Quizá
ningún libro sorprenda tanto a un lector como este
que aquí se le presenta. A partir de un texto de
difícil clasificación se ha gestado un diseño
igualmente difícil de ubicar en ninguna tendencia
editorial. Todos los rasgos de este libro inciden en el
carácter introspectivo del texto, abundan en las
propuestas lógicas que el autor brinda al lector,
producen en el usuario de la obra momentos que, si bien
son forzadas por la solución formal del libro, se
convierten en inimitables prácticas de lectura.
La obra del argentino Zebedeo Flis, cuya redacción
se fragmenta en silogismos y anotaciones, insinuaba formas
de edición que apoyaran esa escritura recurrente,
casi obsesiva, como líneas de pensamiento lógico
que se desplazaban circularmente desde el origen para encontrar
finalmente su continuación en el punto de partida.

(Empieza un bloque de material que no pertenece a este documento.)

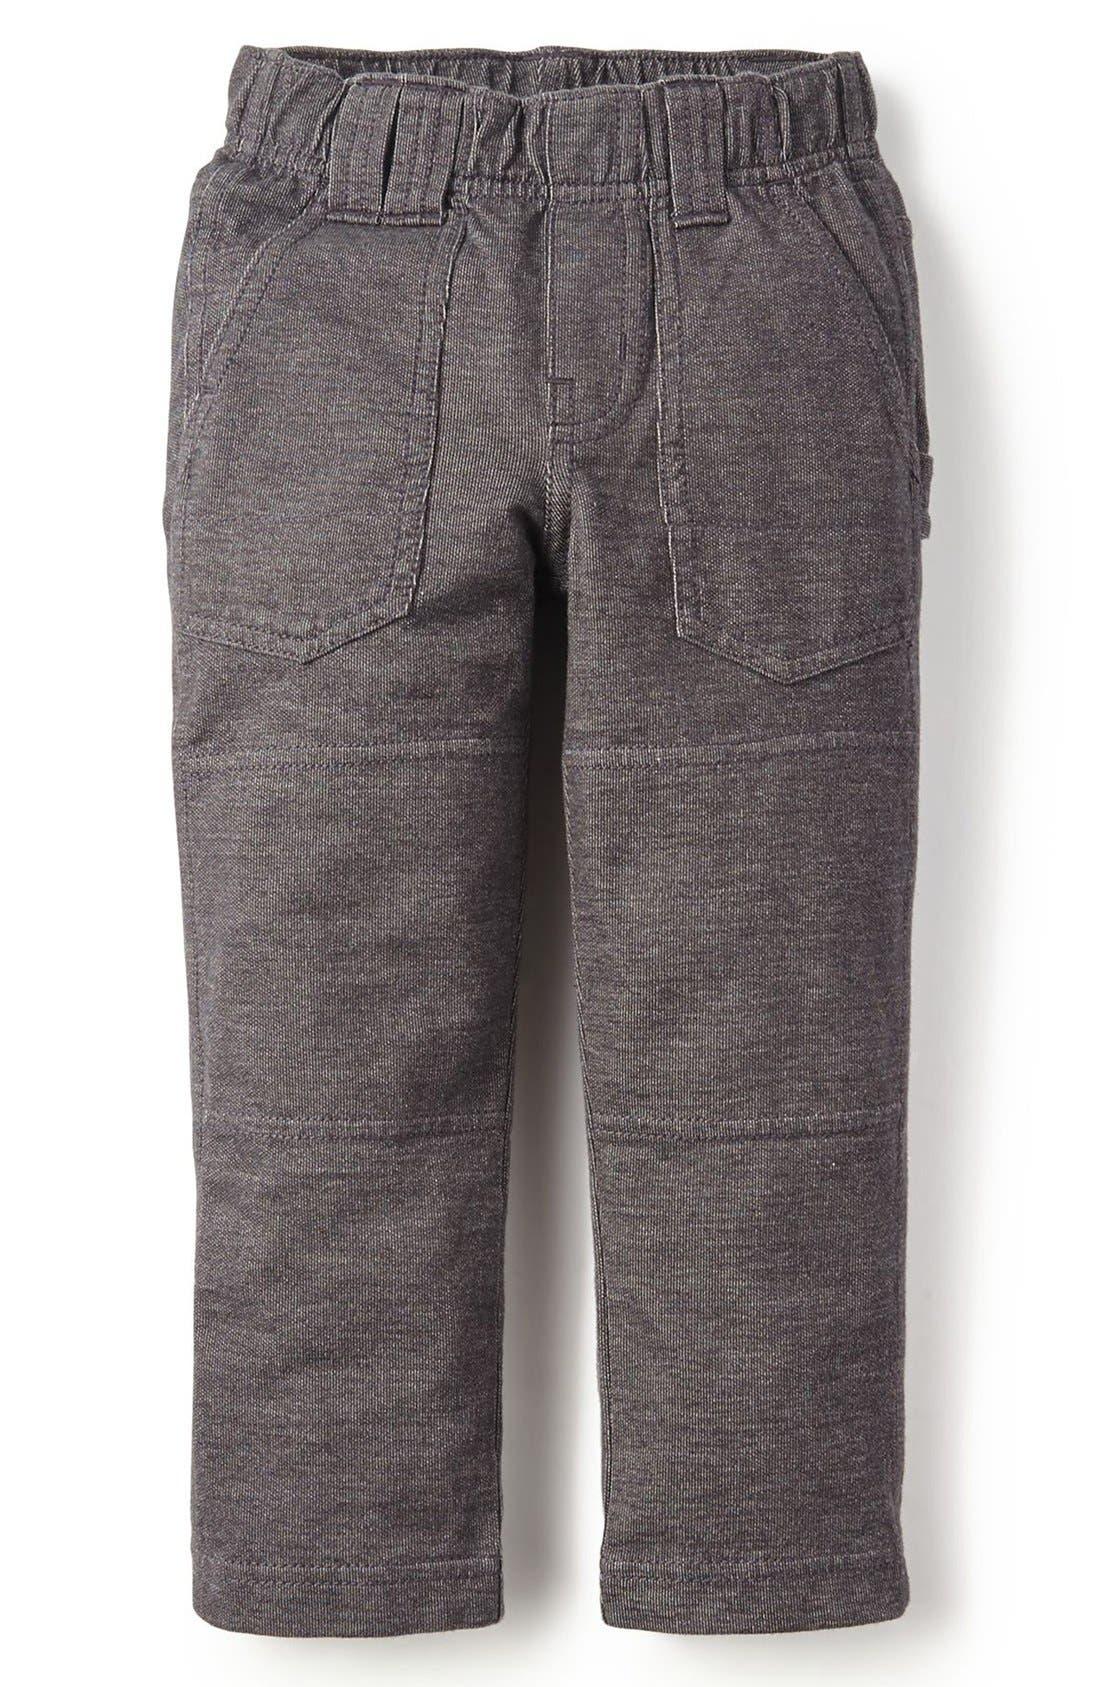 'Playwear' Pants,                         Main,                         color, 020

Una página redonda, enlazada al resto de las hojas
del libro mediante un hilo en su centro geométrico,
parecía la solución formal que mejor apoyaba
la estructura circular del texto. El resto del diseño
parte inevitablemente de esta condición, de esta
página/mundo sobre la que las palabras de Flis se
escriben con una regularidad que busca, resaltando el centro
óptico de la hoja, hacer más visible su atrevida
forma circular. Es inevitable mencionar la calidad del papel:
de intenso blanco, textura de grano y de agradable “toque”
algodonado.
Destacan en el libro recursos productivos inusuales, como
el rasgado irregular de la circunferencia o el borde de
color, ambos realizados a mano, que adornan las hojas. Tampoco
son elementos habituales en las ediciones comerciales las
tapas de cartón o madera, que protegen el bloque
de hojas y se abrazan gracias al propio hilo que “encuaderna”
la obra. De ninguna manera puede esconderse que, como sucede
en otras ediciones de Lavandera Blanca, el usuario habrá
de acostumbrarse a una propuesta de lectura nunca ejercitada
antes. El reto se compensa con la experiencia obtenida,
sin duda estimulante, exenta de rutina y enemiga de lectores
perezosos.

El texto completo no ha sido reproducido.